Posted by: edeast | March 07, 2013 at 07:39 PM
Nick, You're right of course that indirect tax changes are taken out of the core estimates, though I'm less certain that they would adjust for the process of eventually passing on the savings, so there might be some influence on the moderation end.
Posted by: Jim Sentance | March 07, 2013 at 11:16 PM
As James Carville ,ight say, It's the structure of production, stupid.
Posted by: Greg Ransom | March 08, 2013 at 03:13 AM
What I have seen in the SF Bay Area, only in the past year, is a growth of discounts. Walgreen's has recently instituted a club, so that members can buy items that are marked down, temporarily on sale. Some pizza places are now advertising half price pizzas. Prices, at least at the low end, seem to be starting to give way.
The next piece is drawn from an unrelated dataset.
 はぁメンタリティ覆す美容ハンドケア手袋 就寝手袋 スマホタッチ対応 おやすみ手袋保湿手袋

Posted by: Min | March 08, 2013 at 04:40 AM
"The Bank of Canada does a quarterly Business Outlook Survey where it asks what they think inflation will be."
This data is so interesting. Once I figure out how to download the tables I could see if there is any correlation between these various expectations e.g. forward looking inflation vs. price changes.
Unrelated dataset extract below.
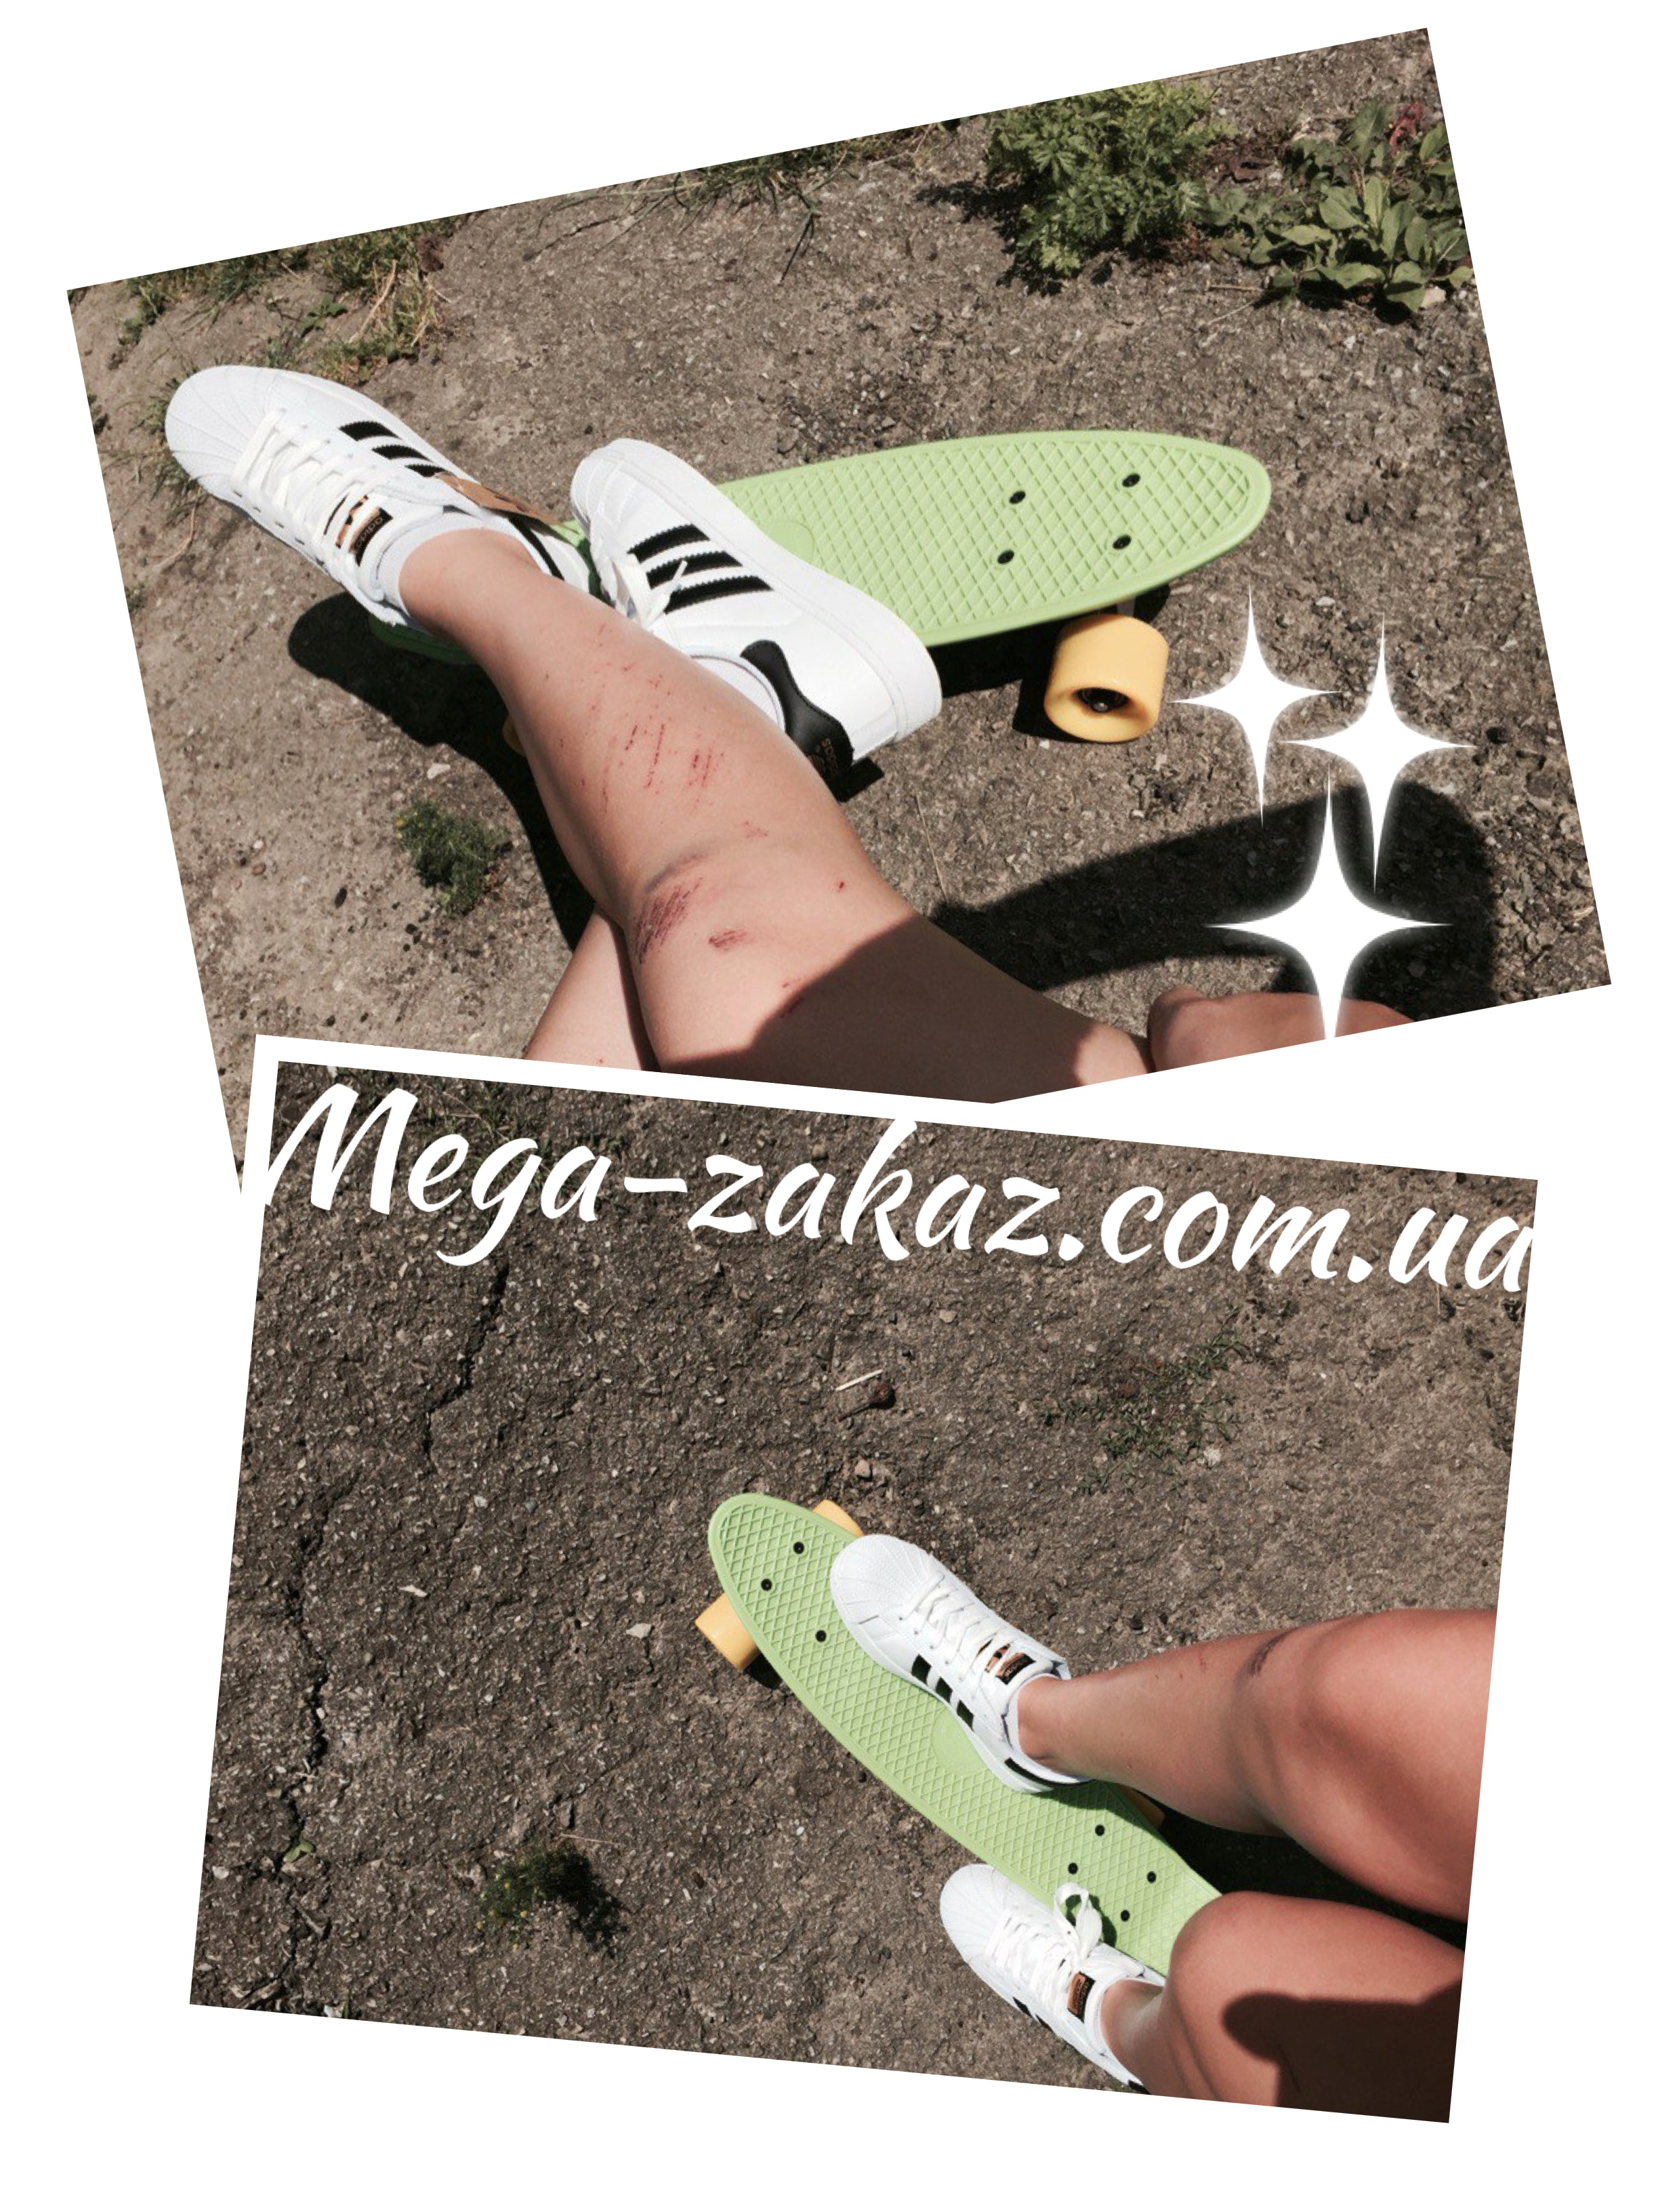 https://mega-zakaz.com.ua/images/upload/image-06-07-16-12-29.jpeg

Wouldn't it take a down right expectation of deflation before prices would become unstuck? Expectations of a temporary decrease in sales volume could lead to reduced production runs and not a price reduction if a business expects stable, albeit low, inflation. A recent fall in inflation expectations could explain recent disinflation. Perhaps the credibility of the BoC has increased price stickiness?
I note that the sample size is small so any findings would not be entirely supportable I suppose.
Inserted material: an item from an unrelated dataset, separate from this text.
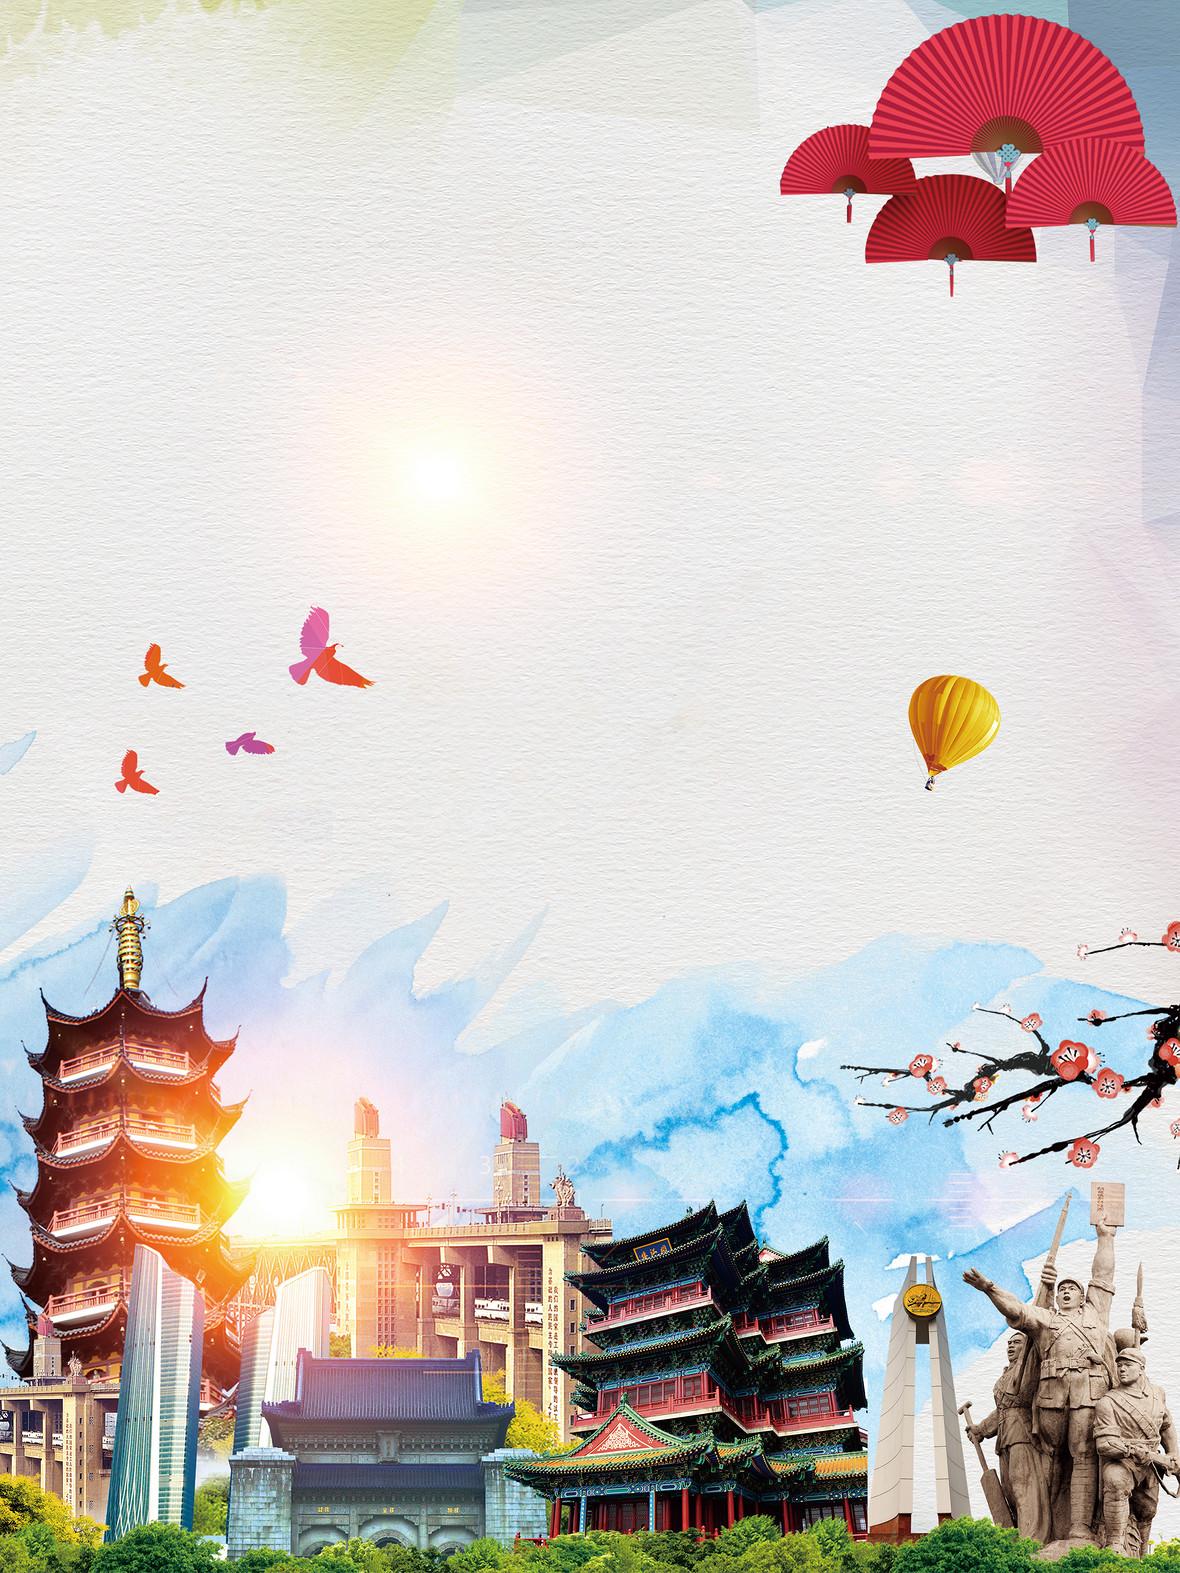 水彩江苏南京旅游海报背景素材

Posted by: Kathleen | March 08, 2013 at 06:38 AM
Nick,
you were right until November 2007. In the moment the CAD overshot the USD to 1.07, this was corrected to the target 1.00 +/- epsilon within 2 weeks.
Same 2 weeks in April and July 2011.
I have been very verbose in my critic of Krugman and so many others from the American continent to give advice to Europe with very little knowledge and understanding, how it works. Soo, I am careful for myself into the other direction.
But this might be a rare case of you having your nose to close to the (Canadian) grindstone.
From the outside, the CAD peg to 1.00 is pretty obvious, including the instrument with which it is done (bond purchases of the BoC, starting mid 2011, every pickle in the exchange rate can be seen as a up/down kink in the balance sheet).
And it is the reasonable thing to do. It is attributed to Porfirio Diaz "Poor Mexico, so far from God and so close to the United States", having at least some nieghbors to the south. The same holds even more for Canada : - )
Furthermore, there are good reasons, why in Statistical Process Control (SPC), people are not permanently playing with the knobs, to keep this too exactly on target, and only act, if the measured value strays too far off the target.
Posted by: genauer | March 08, 2013 at 11:26 AM
I wondered, how to put this numerically, but simply.
Just draw up some histograms of various currencies in relation to the USD, over the last 1 years. The CAD is 0.998 (1.5% 1 sigma, 3 years 2.5%). 1.00 is not a random number.
The Hongkong Dollar at 7.77 (0.2% 1 sigma) neither. The Taiwan Dollar, Ruble at 30
I found some interesting links to many of those discussions:
http://eucenter.scrippscollege.edu/files/2011/06/06helleiner-cana.pdf
The Anglo Sphere being apparently VERY confident as early as 1942, to define the common global relations, Canada the only G-7 nation not going with fixed exchange rates after 1950.
Nick,
I understand your scepticism with regard to the peg much better with that
http://www.nber.org/chapters/c6867.pdf
Eichengreen on Bretton Woods / IMF history
Posted by: genauer | March 08, 2013 at 12:39 PM
"But if the BoC's monetary policy is currently and recently too tight, why has unemployment continued to fall, and the economy continued to slowly recover?"
Doesn't improved animal spirits (higher business confidence) explain it ? With neutral money RGDP would be surging ahead as the demand for labor (at current prices) increases. Tight money as the BoC fails (for whatever reason) to hit its inflation target slows it down a but not enough to prevent some RGDP growth.